Ambrosio "Red" Montaño, manager of Value Plus Mufflers in North Center, shows off a metal shield installed on a 2004 Toyota Prius to deter thieves.

Brian Ernst/Sun-Times

Contributing: Frank Main, Jesse Howe

Email reporter Stephanie Zimmermann at [email protected]

Scouts: Catalytic converter theft crews often do reconnaissance to identify parked cars to hit later. High on their list: hybrids like the Toyota Prius and SUVs, which sit higher off the ground, making it easier to get to the converters.

Cutters: Masked crews — typically a driver, someone to jack up the car, another person to operate the battery-powered saw and an armed lookout — can steal a converter in as little as a minute and make up to $1,500, depending on the vehicle.

Intermediate buyers: These middlemen pay the cutters using money they get from farther up the chain.

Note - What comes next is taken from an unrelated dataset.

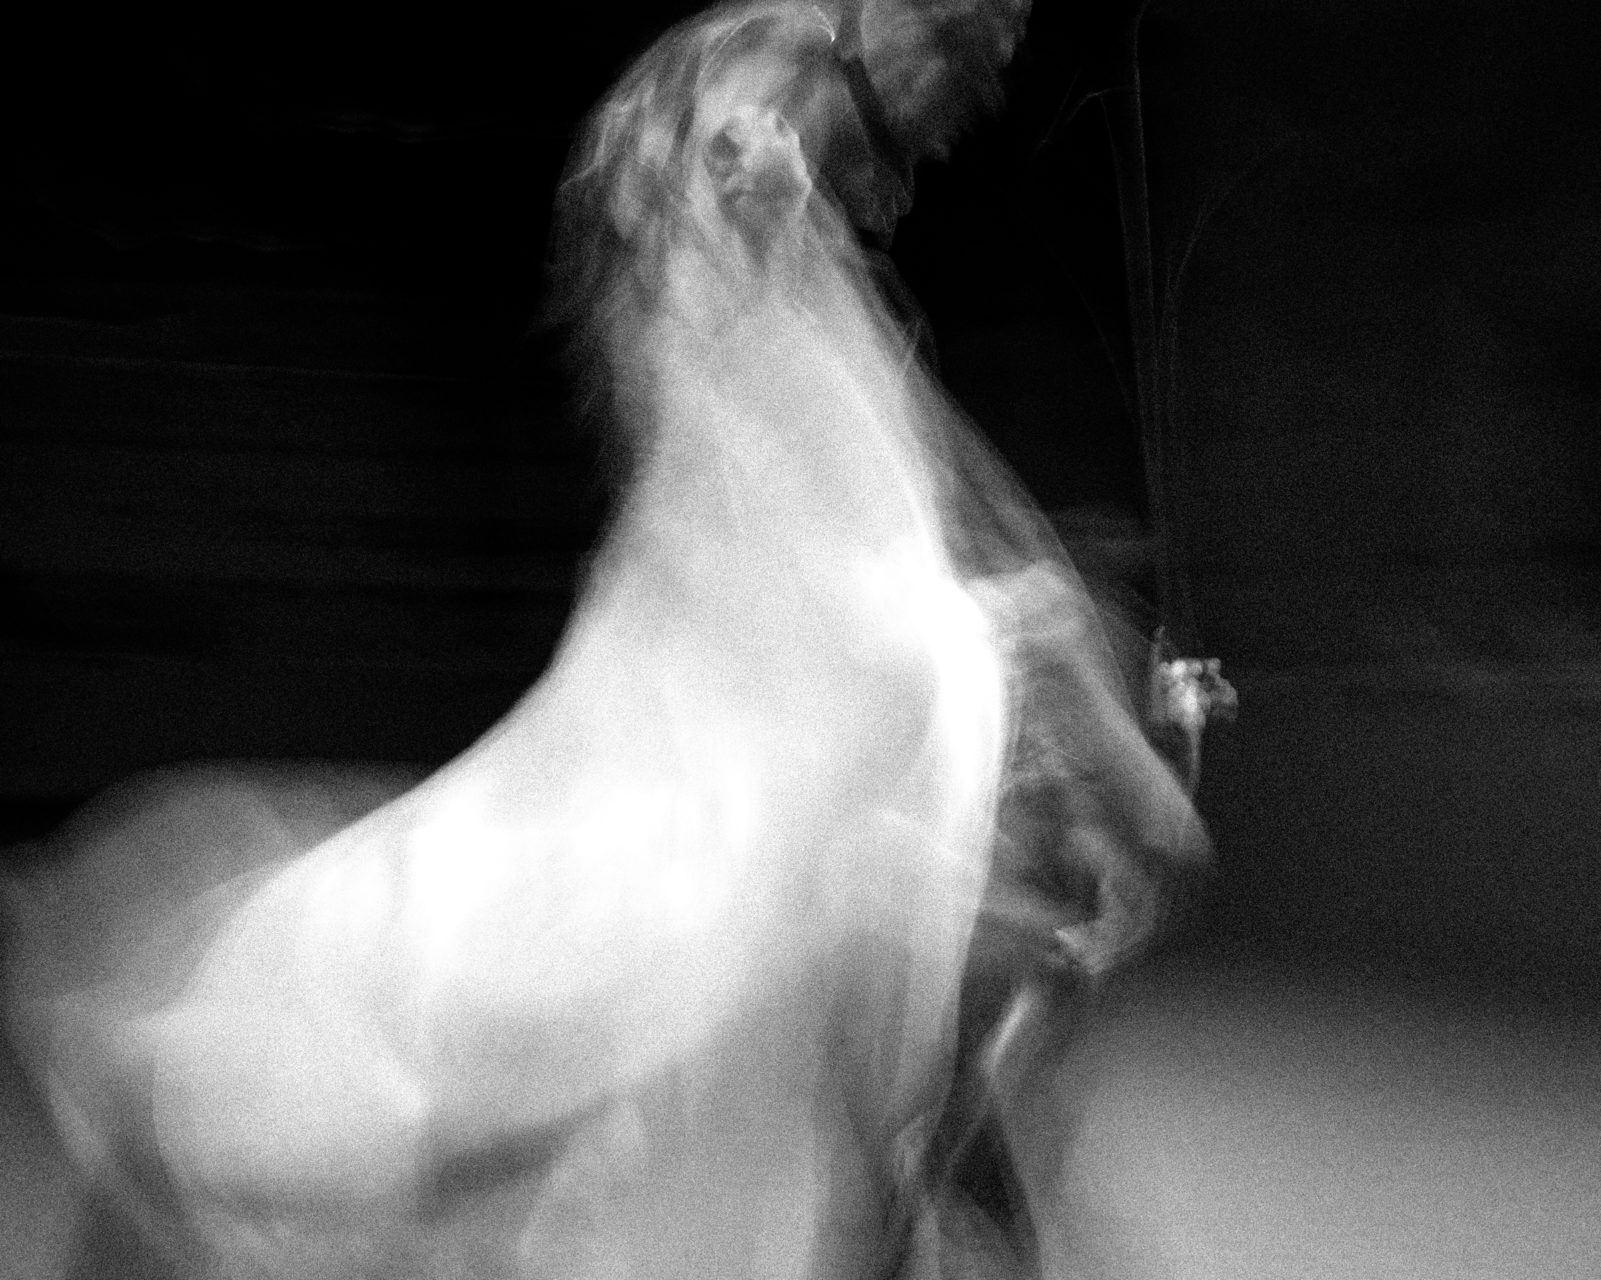 dancing with horses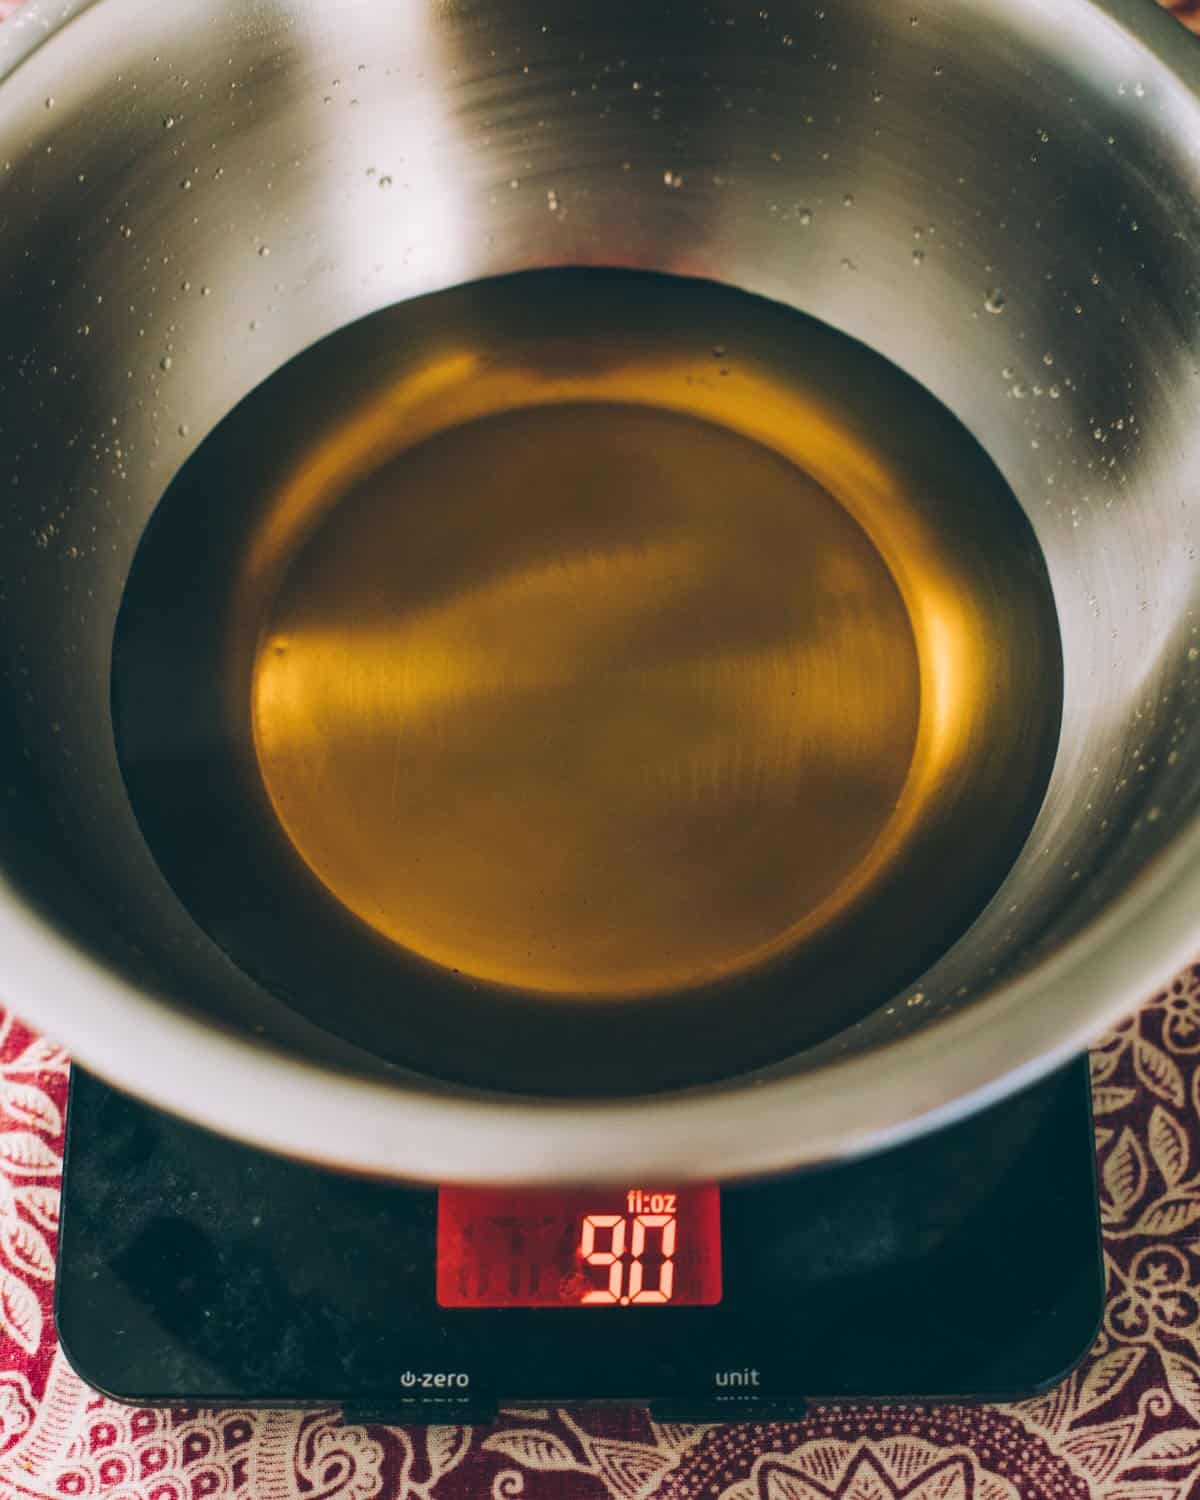 weighing the oils on a kitchen scale

Core buyers: These metal-buying businesses buy converters in bulk, then do the "decanning" to extract the metal powder from inside the devices.

Metal refiners: These companies buy the extracted powder and refine it. Once they do, it's impossible to know where the separated platinum, palladium and rhodium came from.

End users: The extracted metals end up being used as catalysts in the manufacture of chemicals, plastics, medical devices, cancer treatments, jewelry and more.